Jangid Himanshu, Panchpuri Mitali, Dutta Joydeep, Joshi Harish Chandra, Paul Maman, Karnwal Arun, Ahmad Akil, Alshammari Mohammed B, Hossain Kaizar, Pant Gaurav, Kumar Gaurav
School of Bioengineering and Biosciences, Lovely Professional University, Jalandhar, Punjab, India.
School of Pharmaceutical and Population Health Informatics, DIT University, Dehradun 248009, Uttarakhand, India.
Food Chem X. 2025 Jun 25;29:102696. doi: 10.1016/j.fochx.2025.102696. eCollection 2025 Jul.

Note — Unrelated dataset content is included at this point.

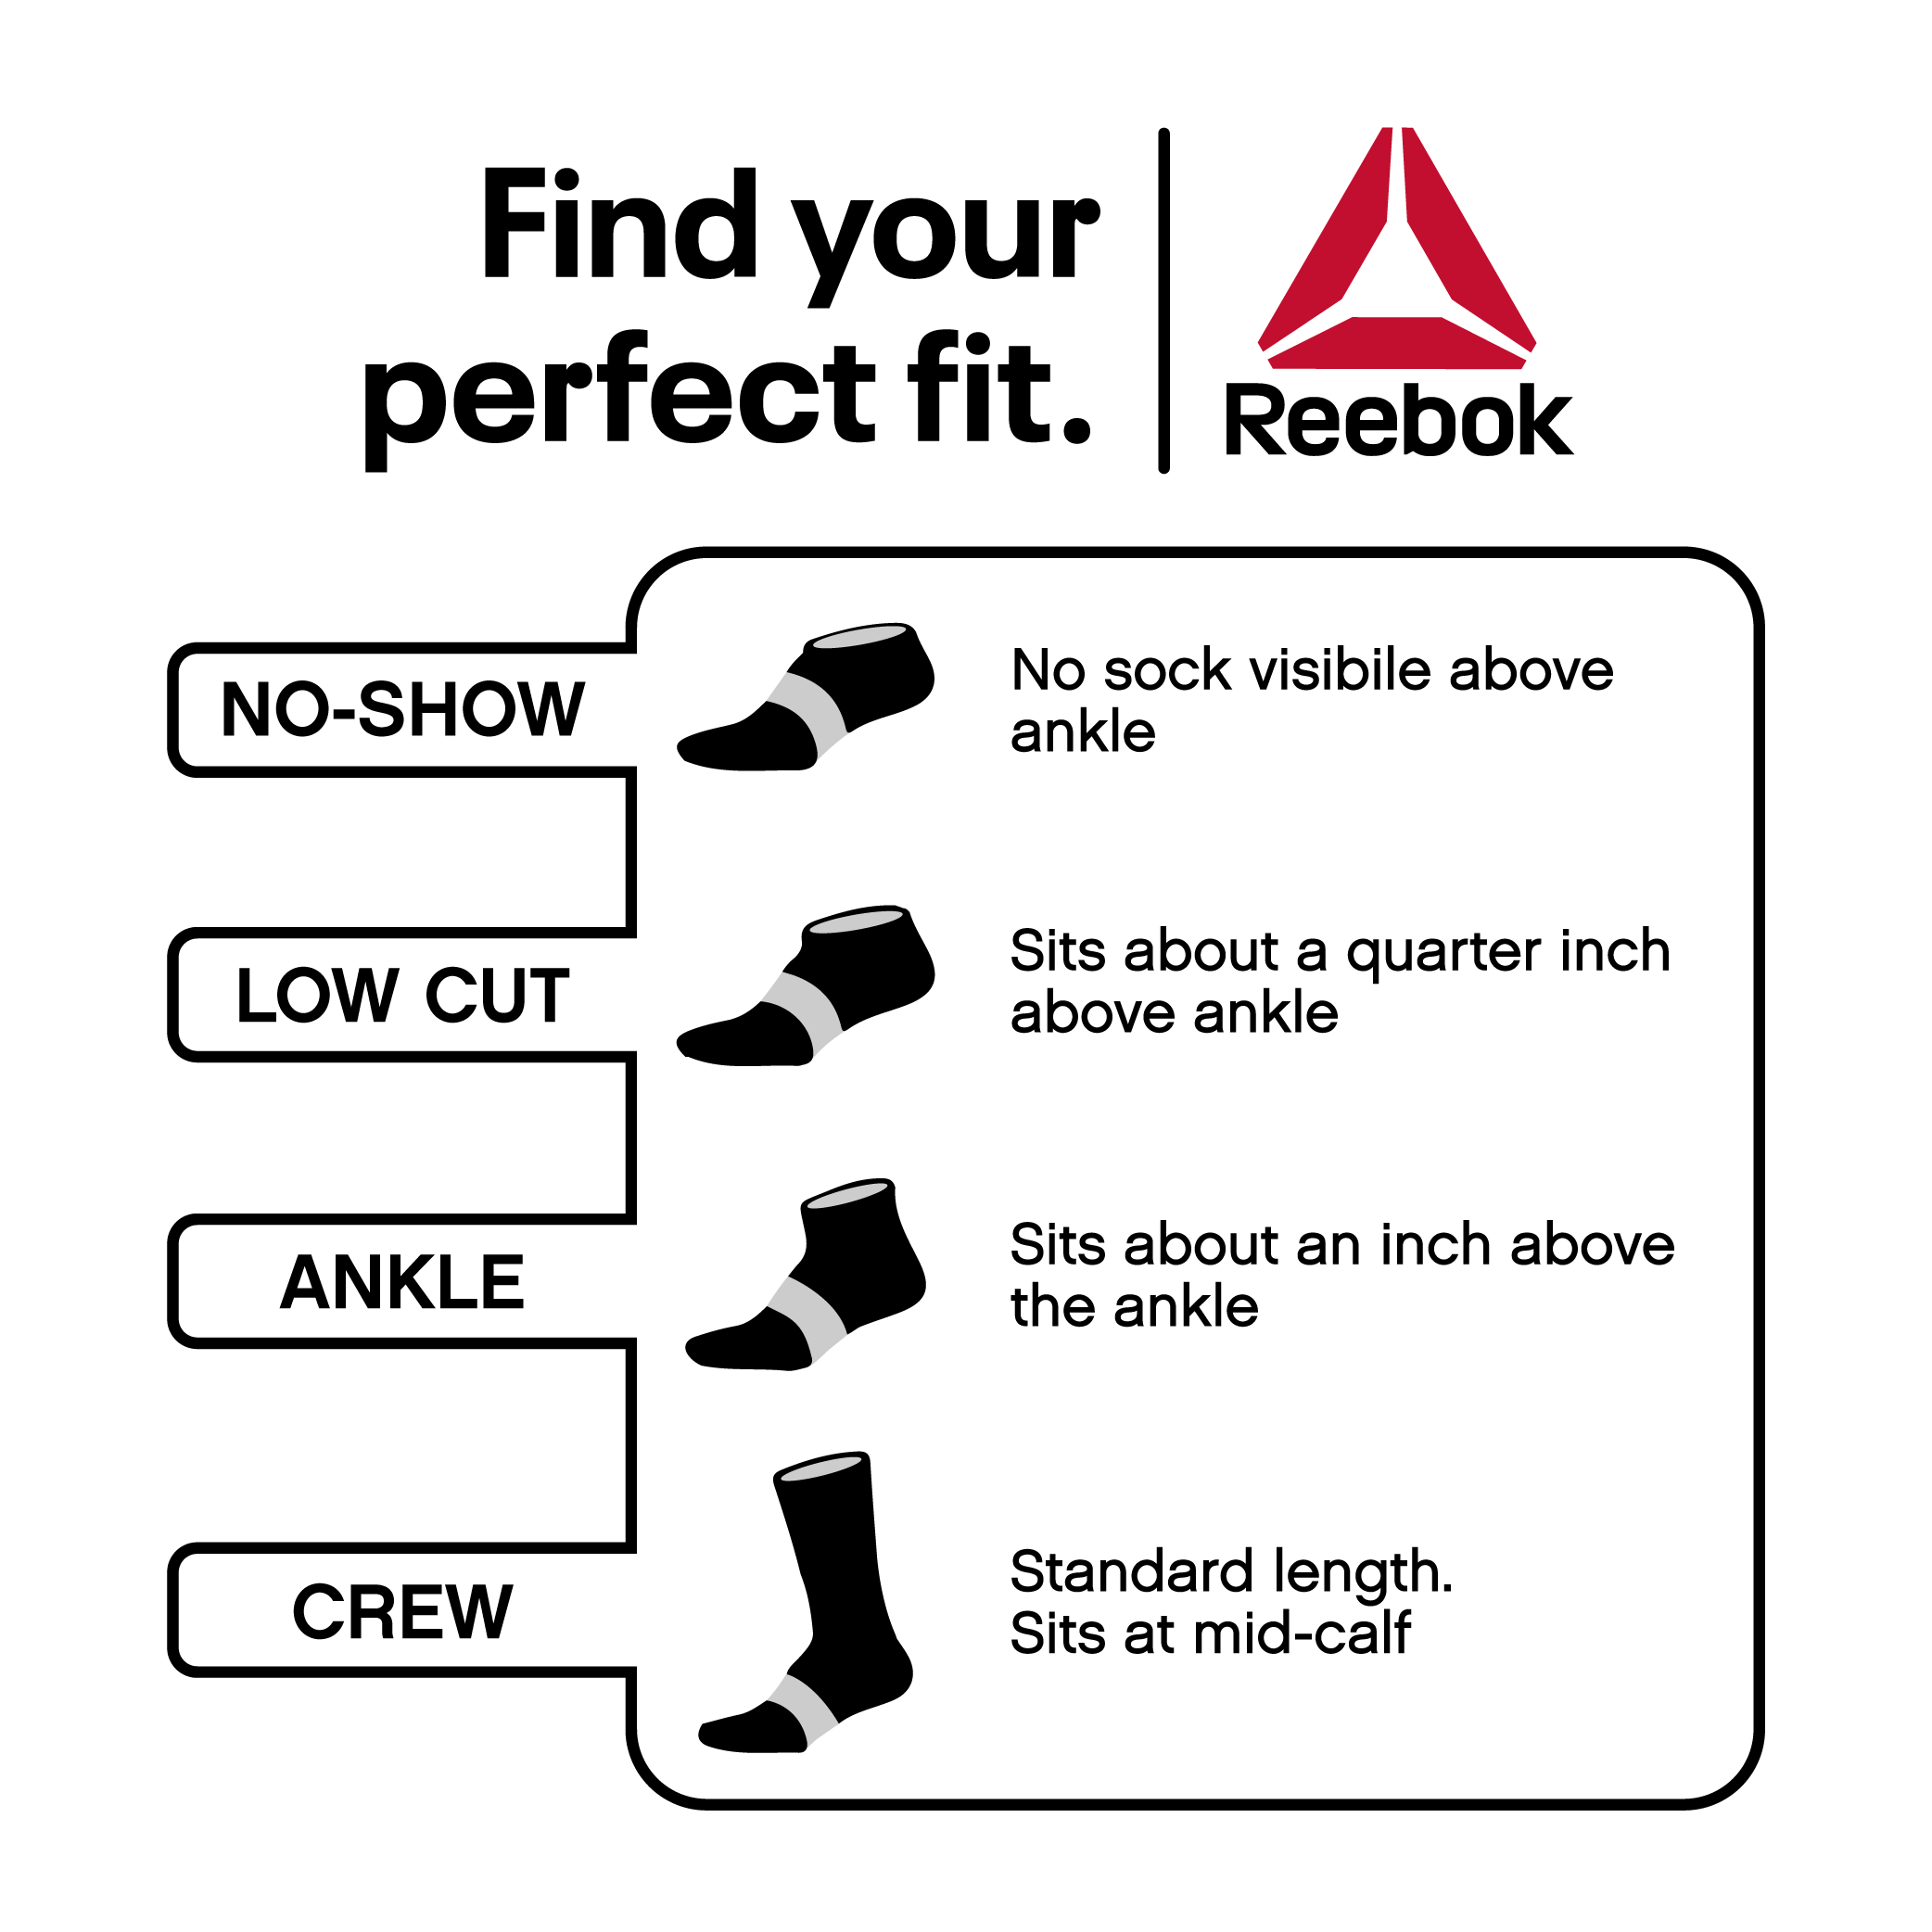 Reebok Men's Pro Series Low Cut Socks, 6-Pack - image 5 of 8

Foodborne diseases pose significant public health and economic challenges worldwide, with conventional pathogen detection methods, such as culture-based assays and PCR, often hindered by the complex food matrix in categories like dairy, seafood, fresh produce, and processed foods. These matrices, containing fats, proteins, biofilms, and salts, interfere with detection accuracy, reducing the sensitivity and robustness of traditional approaches. Nanoparticle-based detection systems have emerged as transformative tools to overcome these challenges, offering enhanced sensitivity, rapid detection, and adaptability to real-time monitoring. Gold, silver, magnetic, polymeric, and hybrid nanoparticles leverage their unique optical, magnetic, and functional properties to facilitate specific pathogen identification while mitigating food matrix interference. Recent advancements include nanoparticle-functionalized biosensors, magnetic separation platforms, and smart detection systems integrated with IoT and blockchain for traceability and real-time contamination alerts. However, challenges such as high production costs, regulatory gaps, and scalability hinder their full-scale adoption. This review critically examines matrix-specific adaptations of nanoparticle-based detection technologies, their comparative advantages over traditional methods, and their integration with smart technologies to ensure food safety. Future directions emphasize interdisciplinary collaboration, eco-friendly synthesis, and regulatory frameworks to address commercialization hurdles and revolutionize pathogen detection across the global food industry.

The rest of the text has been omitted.